16 de out de 2009

Audiência pública sobre Plano Diretor é adiada

[Reportagem de Jonas Costa para a Gazeta do Vale]

A Câmara Municipal de Santa Rita do Sapucaí adiou a audiência pública que aconteceria na última terça-feira, 13, para discussão do Plano Diretor Participativo (PDP) da cidade. A presidência da Casa tomou essa decisão após ser comunicada que o coordenador da elaboração do plano, Francisco Antônio Dupas, não poderia comparecer à sessão. A nova data ainda não foi definida.

De acordo com o presidente da Câmara, Magno Magalhães Pinto (PT), a audiência pública é uma exigência do Estatuto da Cidade (lei federal 10.257/01) para assegurar a participação dos cidadãos no debate do PDP. O estatuto estabelece que o Plano Diretor “é o instrumento básico da política de desenvolvimento e expansão urbana”. Esse documento trata de temas como oferta de terras para novas moradias, regularização fundiária e estímulo às atividades econômicas.

Para entrar em vigor, o PDP deve ser transformado em lei municipal. Um anteprojeto de lei foi elaborado pelo Núcleo de Estudos, Planejamento Ambiental e Geomática (Nepa) da Universidade Federal de Itajubá (Unifei), de 2006 a 2007. Em junho deste ano, o Nepa entregou a proposta ao prefeito Paulo Cândido da Silva (PV), que o encaminhou à Câmara no mês de agosto em forma de projeto de lei complementar.

O Plano Diretor começou a ser esboçado em 1998, durante o segundo mandato do ex-prefeito Jefferson Gonçalves Mendes (PSB). O processo só foi retomado em julho de 2006, na segunda gestão de Ronaldo de Azevedo Carvalho (PSDB). A elaboração do PDP compreendeu seminários, capacitação de representantes do poder público e da sociedade civil e eleição do Conselho da Cidade, entre outras etapas. O plano foi aprovado numa audiência pública em outubro de 2007.

Na opinião do vereador Magno Magalhães, não faltaram oportunidades para o envolvimento da comunidade na discussão do plano, mas o tema ainda não mobiliza os cidadãos santa-ritenses. “Houve bastante espaço. Foram várias audiências, todas divulgadas. O que não houve foi a participação”, comenta. O parlamentar percebe que somente os setores empresariais têm buscado influenciar as grandes decisões da Câmara por conta de “interesses imediatos”. “Falta a cultura de participação permanente. Santa Rita não tem uma sociedade civil organizada, movimentos fortes que atuem”.

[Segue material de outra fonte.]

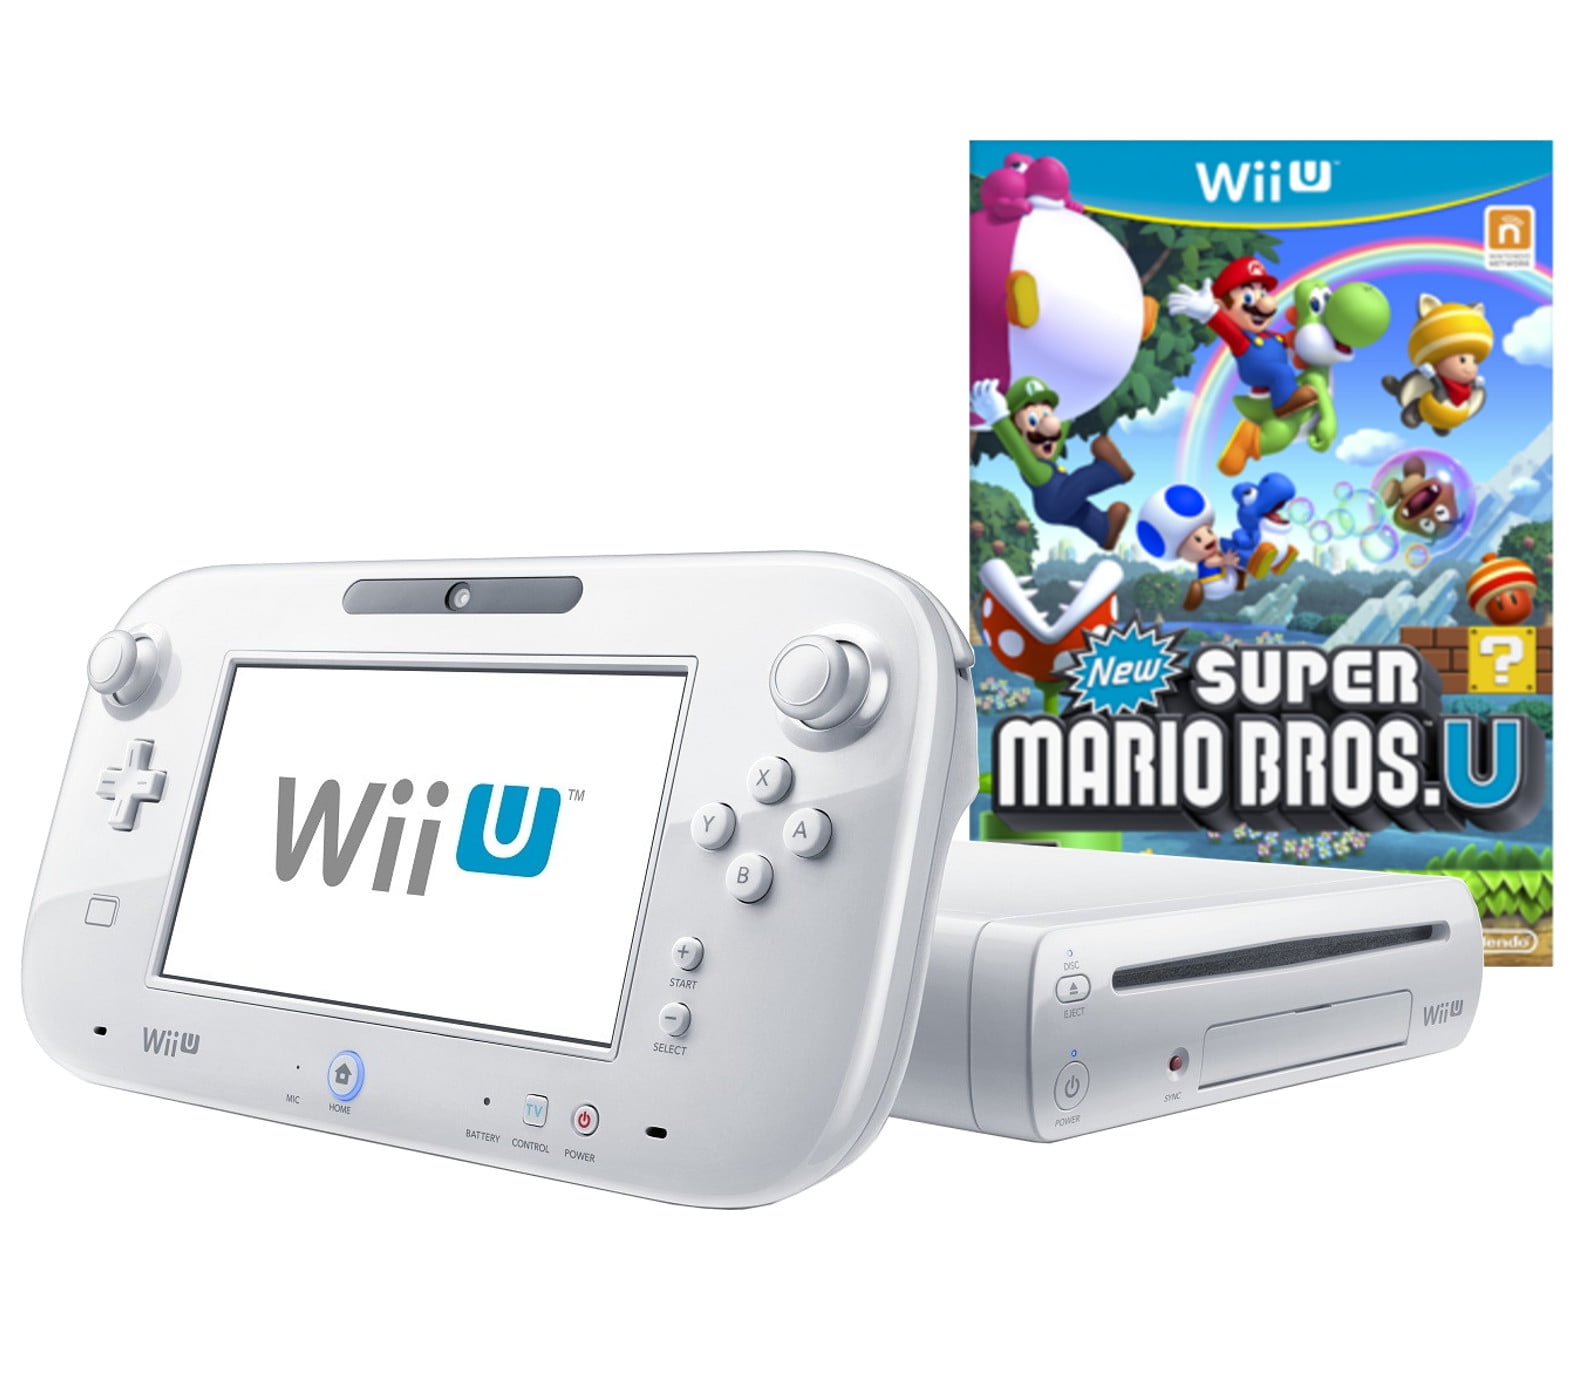 Nintendo Wii CONSOLE SUPER MARIO BROS SPORTS BUNDLE 4 GAMES SYSTEME

Magalhães avalia que a definição do “modelo de cidade” deverá ocupar o centro do debate sobre o Plano Diretor a partir da próxima audiência. “Temos uma discussão séria sobre o modelo de cidade que queremos: uma cidade cheia de prédios, cheia de construções; ou uma cidade mais humana, mais verde, mais espaçosa, com uma circulação melhor, com uma qualidade de vida melhor. Temos pelo menos dois modelos: uma cidade mais verticalizada e uma cidade mais horizontalizada”, compara o vereador petista.

Prazos – O PDP é obrigatório às cidades com população superior a 20 mil habitantes. A Lei Orgânica do Município, que foi promulgada em 1990, estabeleceu que o documento fosse aprovado até 7 de abril do ano seguinte. Dez anos depois, o Estatuto da Cidade definiu que o prazo se estendesse até 10 de outubro de 2006. A lei 11.673/08 fixou como novo limite a data de 30 de junho de 2008.